COLLECTED MATERIAL: Begin

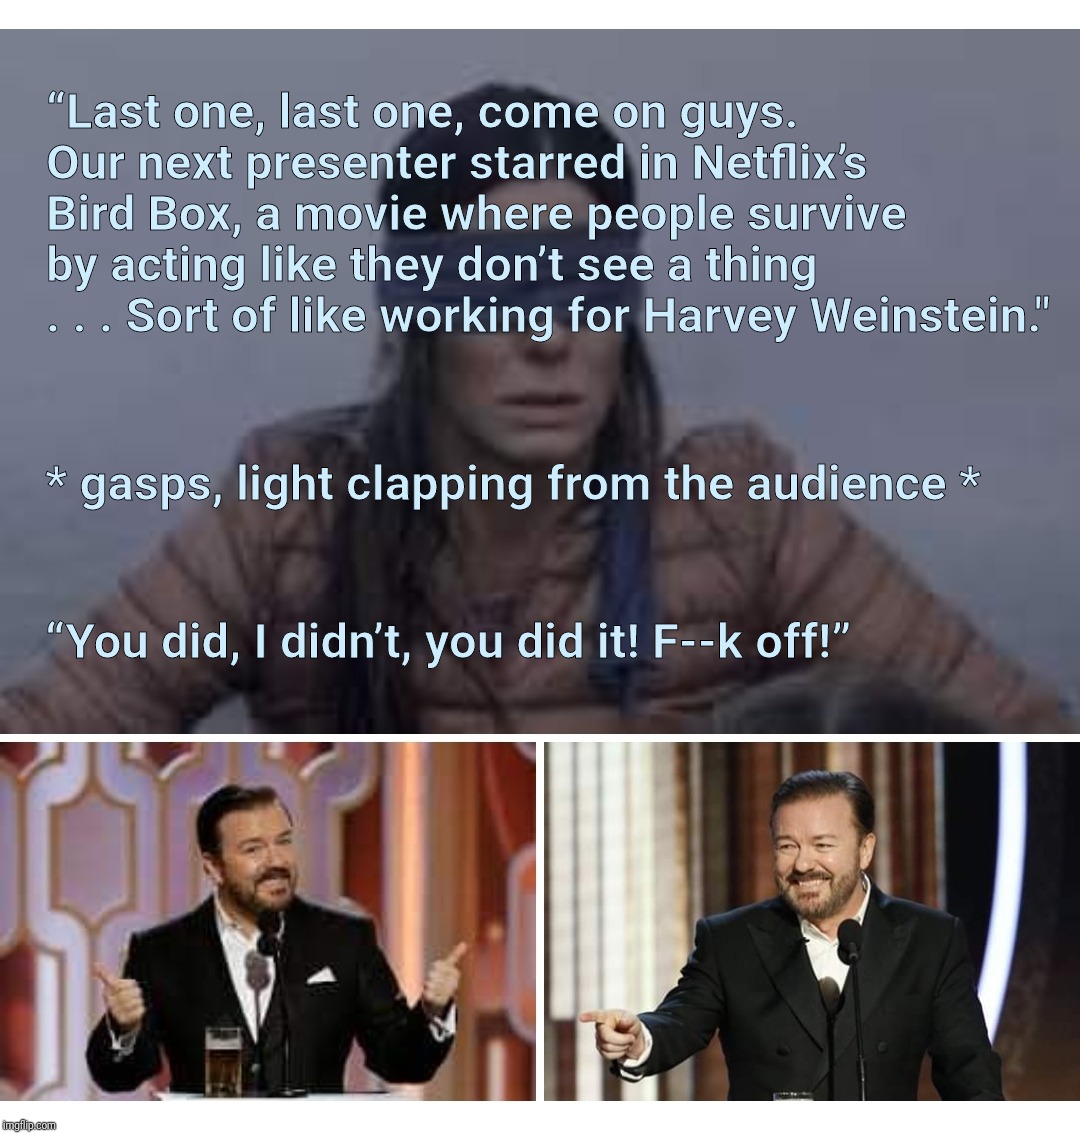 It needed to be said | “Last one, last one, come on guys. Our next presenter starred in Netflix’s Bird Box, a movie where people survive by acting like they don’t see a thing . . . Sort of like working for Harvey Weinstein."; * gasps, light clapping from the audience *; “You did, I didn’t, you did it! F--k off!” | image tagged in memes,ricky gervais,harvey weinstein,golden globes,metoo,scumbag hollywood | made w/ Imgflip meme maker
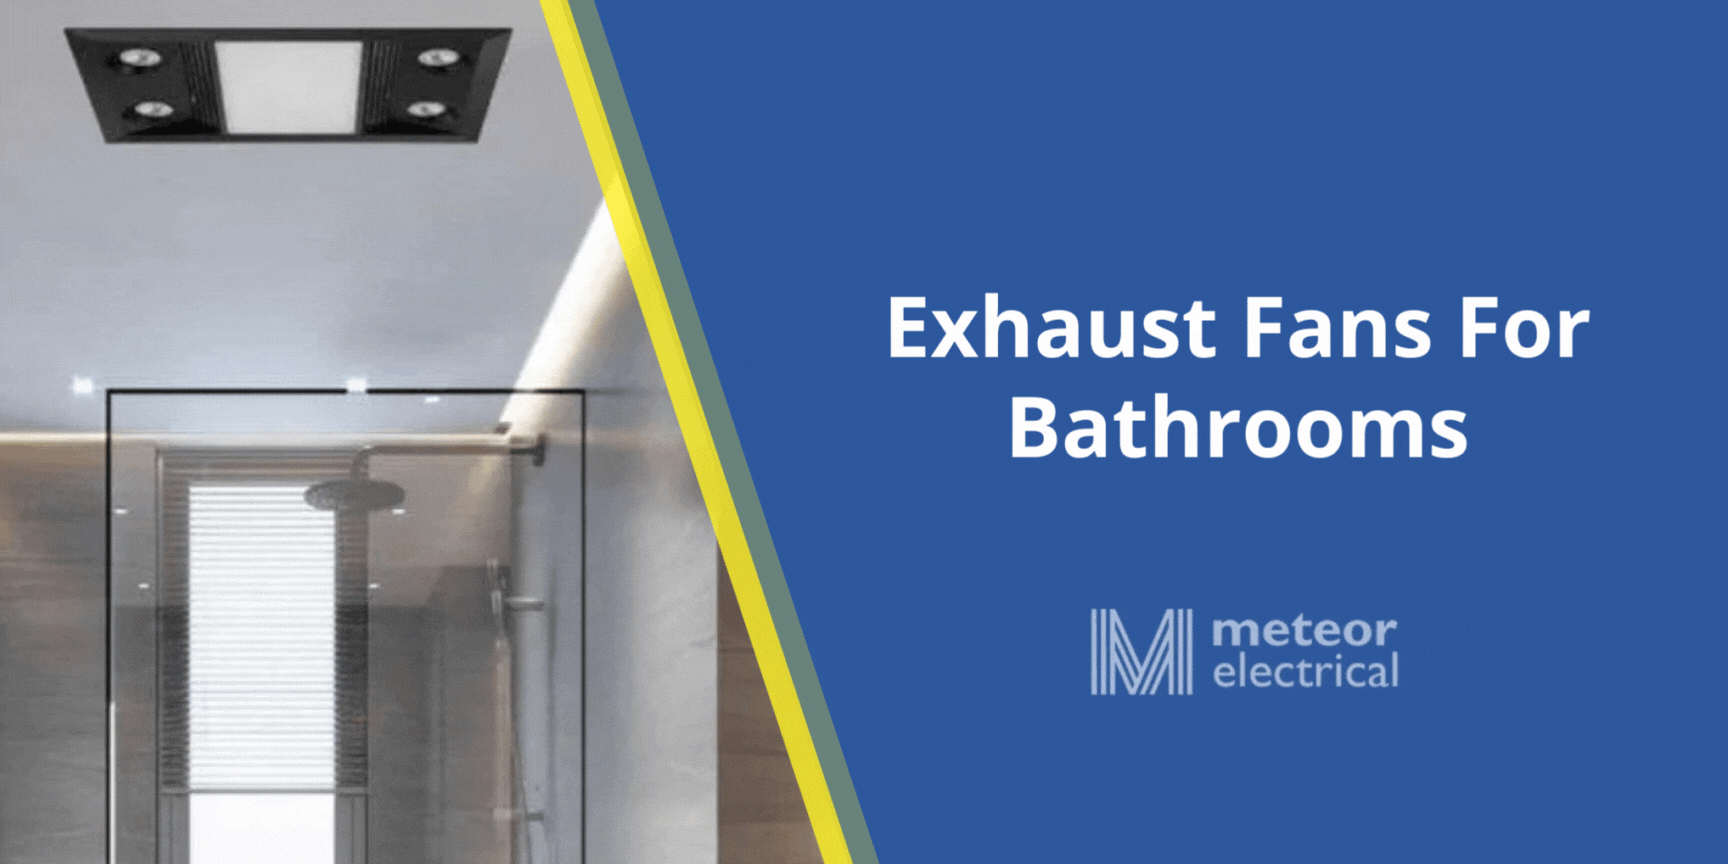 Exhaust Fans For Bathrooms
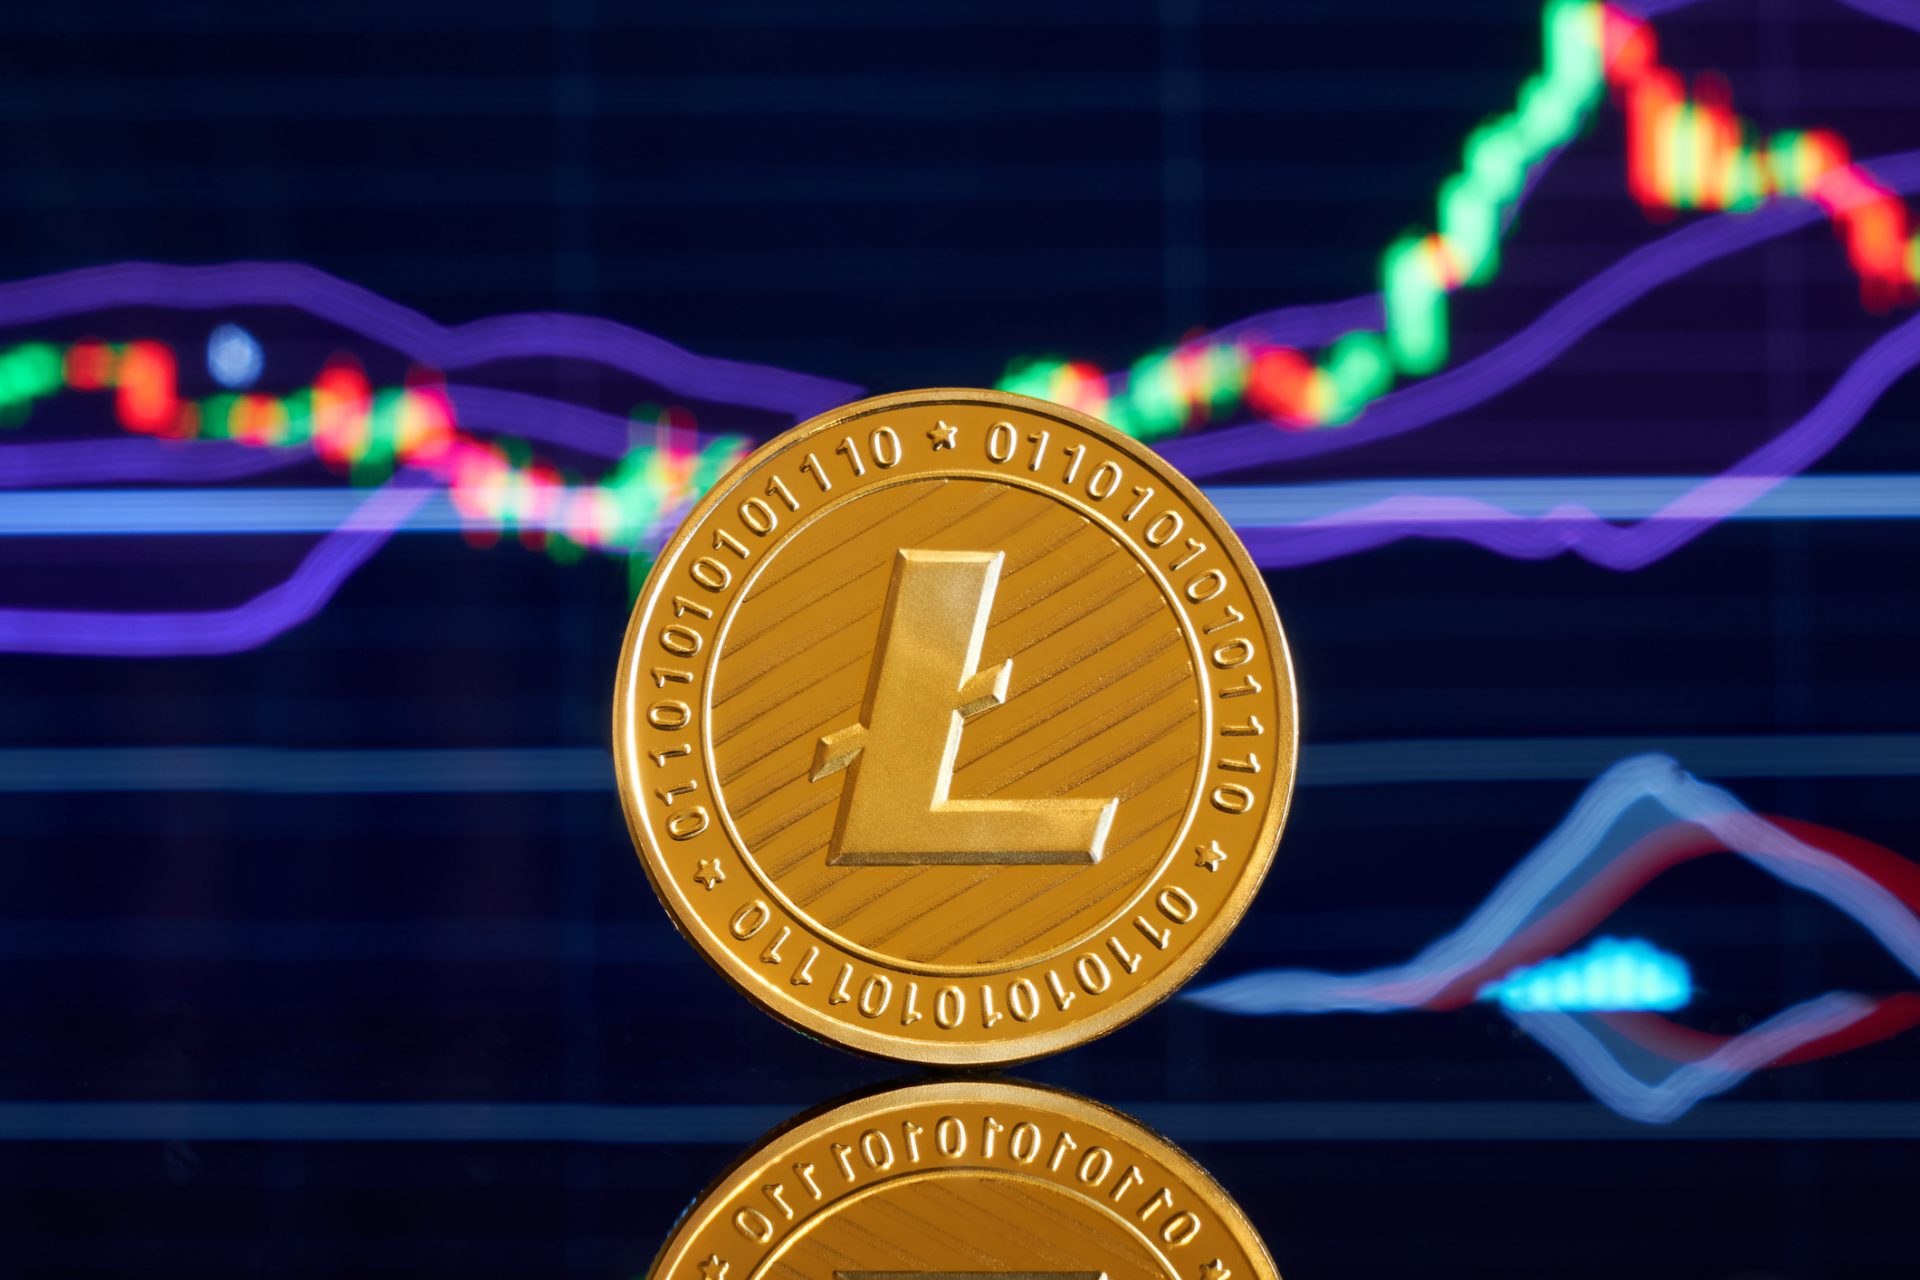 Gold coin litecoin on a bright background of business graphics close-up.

COLLECTED MATERIAL: End

■ WHAT IS EXPECTED: All of the listing above must be output exactly, except for its pictures.

■ ANSWER TO THIS EXERCISE:
 It needed to be said | “Last one, last one, come on guys. Our next presenter starred in Netflix’s Bird Box, a movie where people survive by acting like they don’t see a thing . . . Sort of like working for Harvey Weinstein."; * gasps, light clapping from the audience *; “You did, I didn’t, you did it! F--k off!” | image tagged in memes,ricky gervais,harvey weinstein,golden globes,metoo,scumbag hollywood | made w/ Imgflip meme maker
 Exhaust Fans For Bathrooms
 Gold coin litecoin on a bright background of business graphics close-up.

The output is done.